Chest & Shoulders 6/23/2025

Another great chest & shouder workout. Derek (@lifting2recover) killed flat bench today and the workout was amazing. Here is the rest of the workout:

  • Machine incline press. 3 sets to failure with an attepmt at partials.
  • Incline cable bench: 3 sets to failure with partials.
  • Decline cable fly: 2 drop set to failure with partials.
  • Cable fly (less of a decline and narrower cable machine): 2 sets to failure then press punping to finish the chest.
  • Seated True OH Press: 2 sets to failure.
  • Cable side laterals. 2 sets to failure with paritials.
  • True side lateral machine: 2 sets to failure with partials.
  • Bike sprints / HIIT: 8 reps.
  • Elliptical for 13 minutes.

I am writing this a couple ours after the workout and I still have a great pump.
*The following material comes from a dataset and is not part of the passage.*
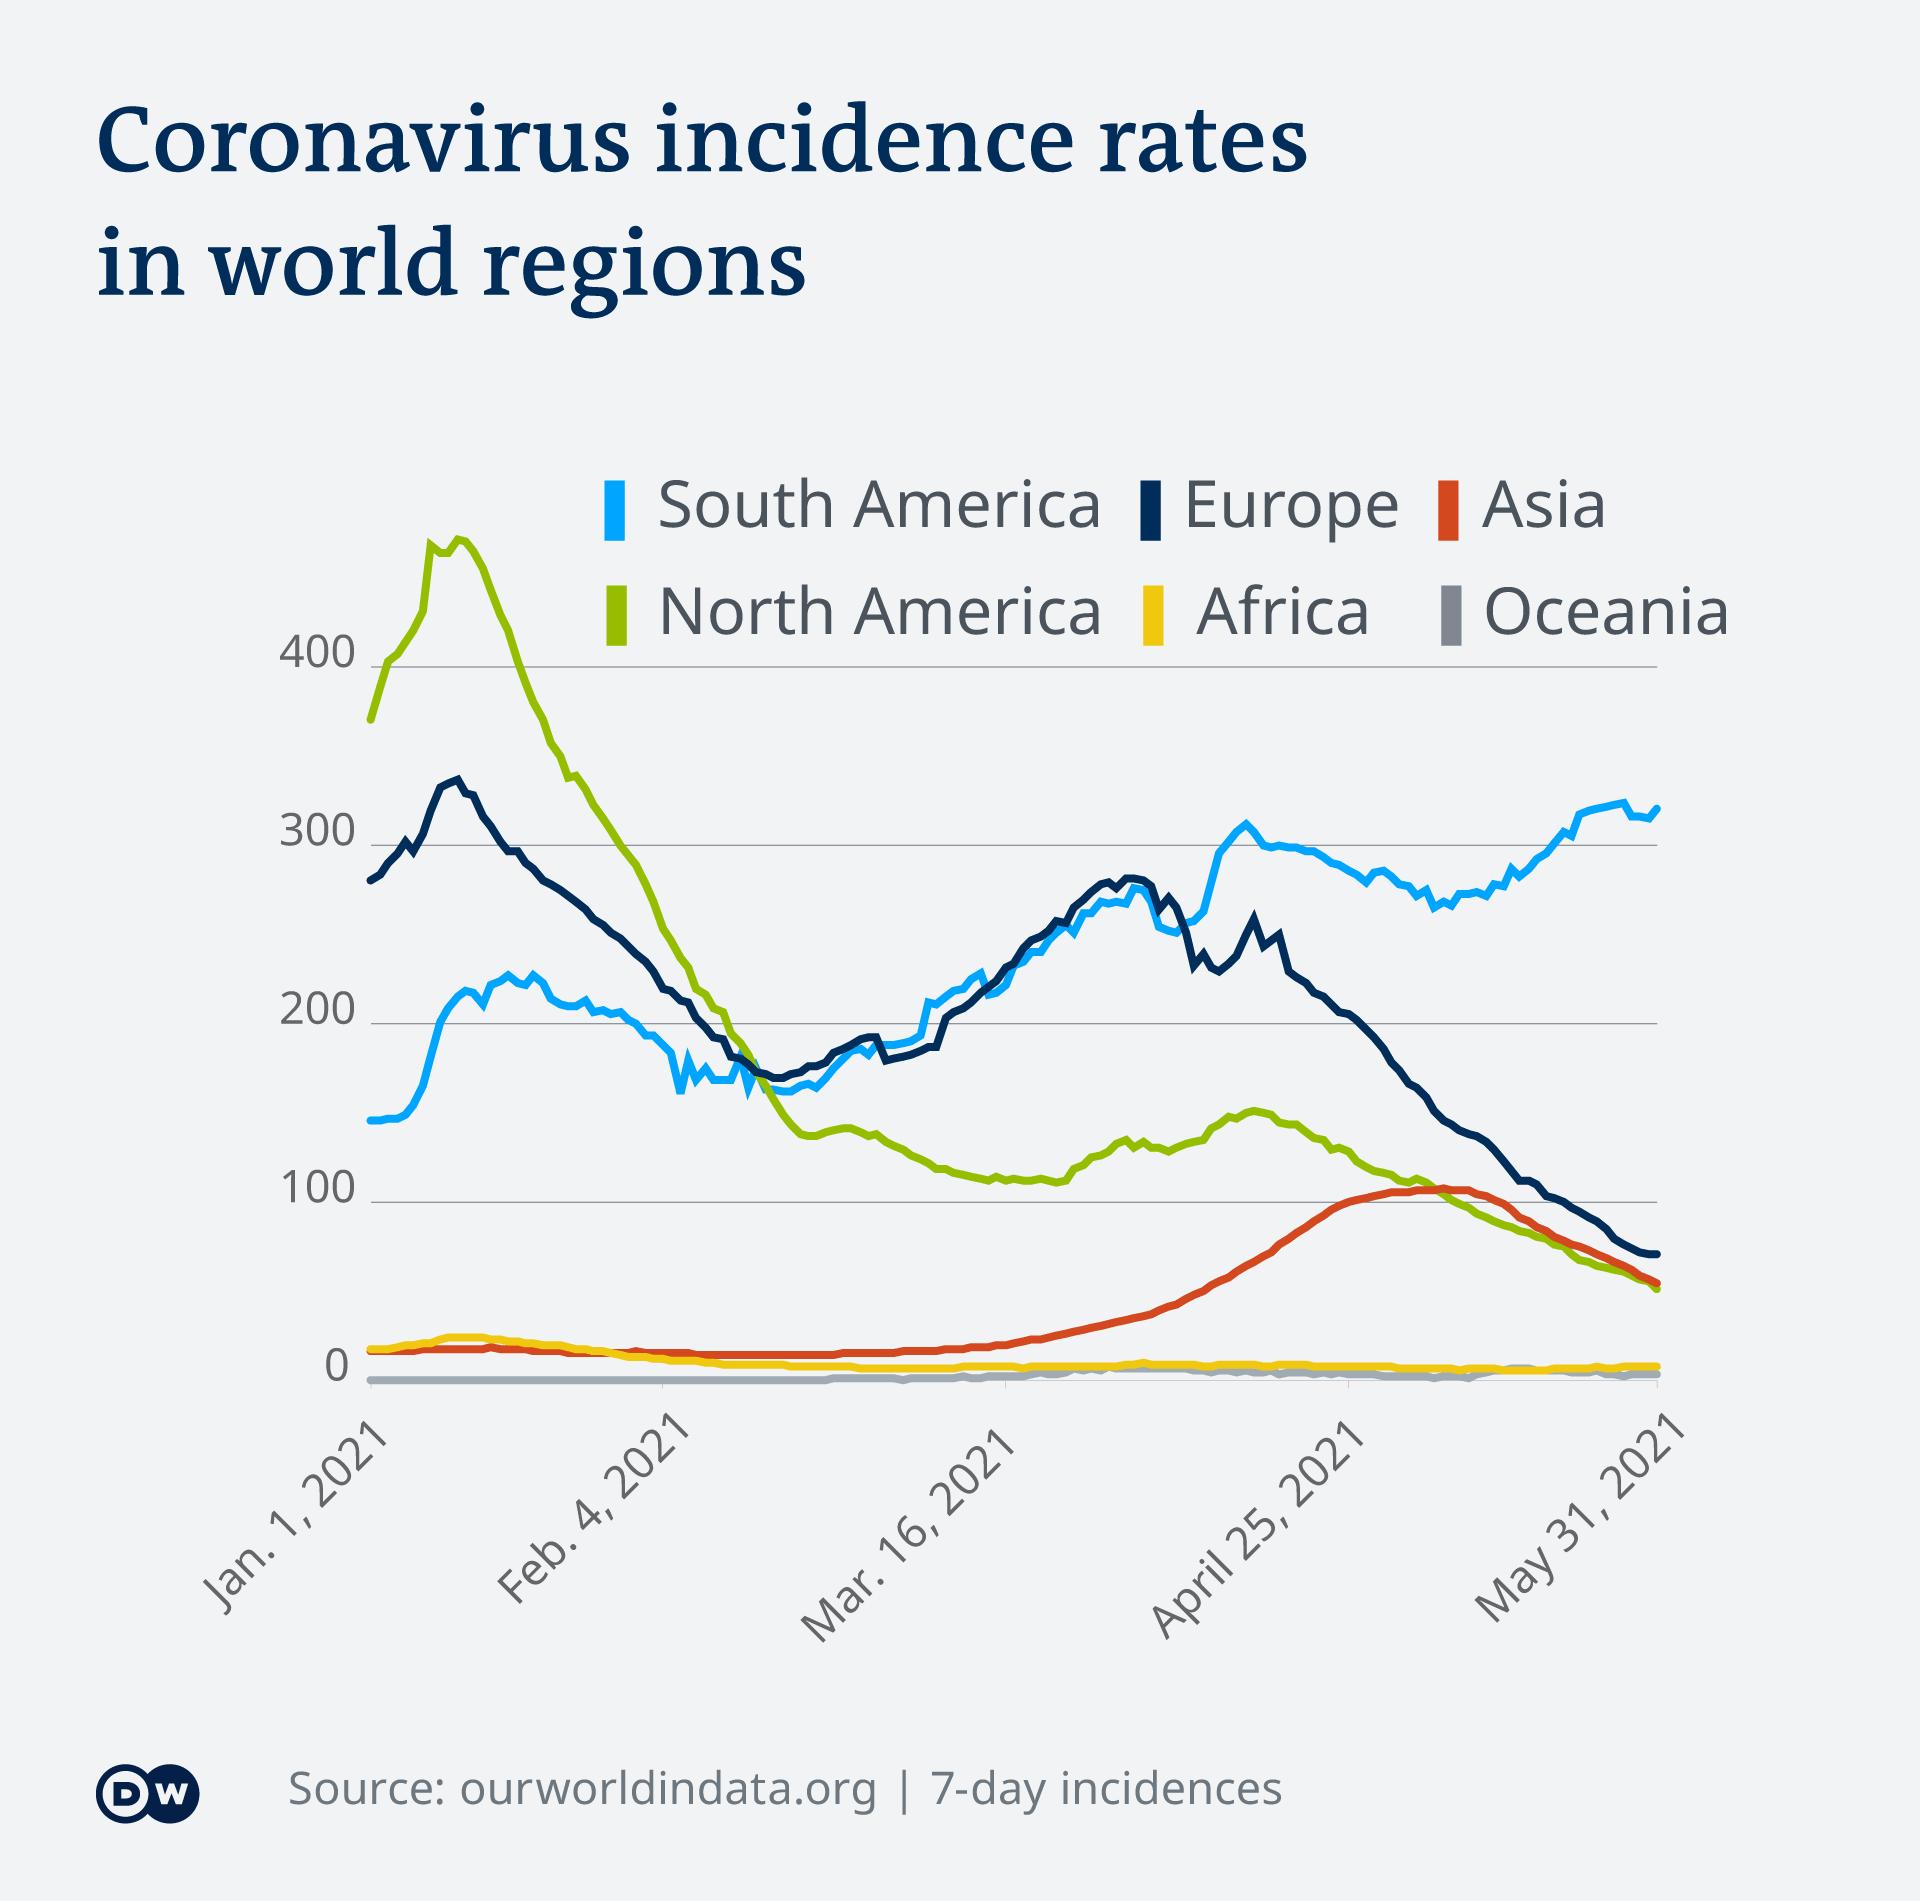 Coronavirus incidence rates worldwide

The macros for the yesterday:

  • Calories: 2932
  • Protein: 196g
  • Carbs: 49g (much better but taking it lower)
  • Fat: 223g

I feel much better with carbs a little lower. I have been trying to outsmart my liver but that just don't work. I am going to try a littl shift, lowerin carbs further. I will keep a preworkout carb but not as much. Post workout will be with meal 1 and inclde yogurt but no fruit and low carb. The rest of the day will be caqrnivore. More to come on this.

My weight this morning was 185.5 pounds.

My step count yesterday was only 15,270.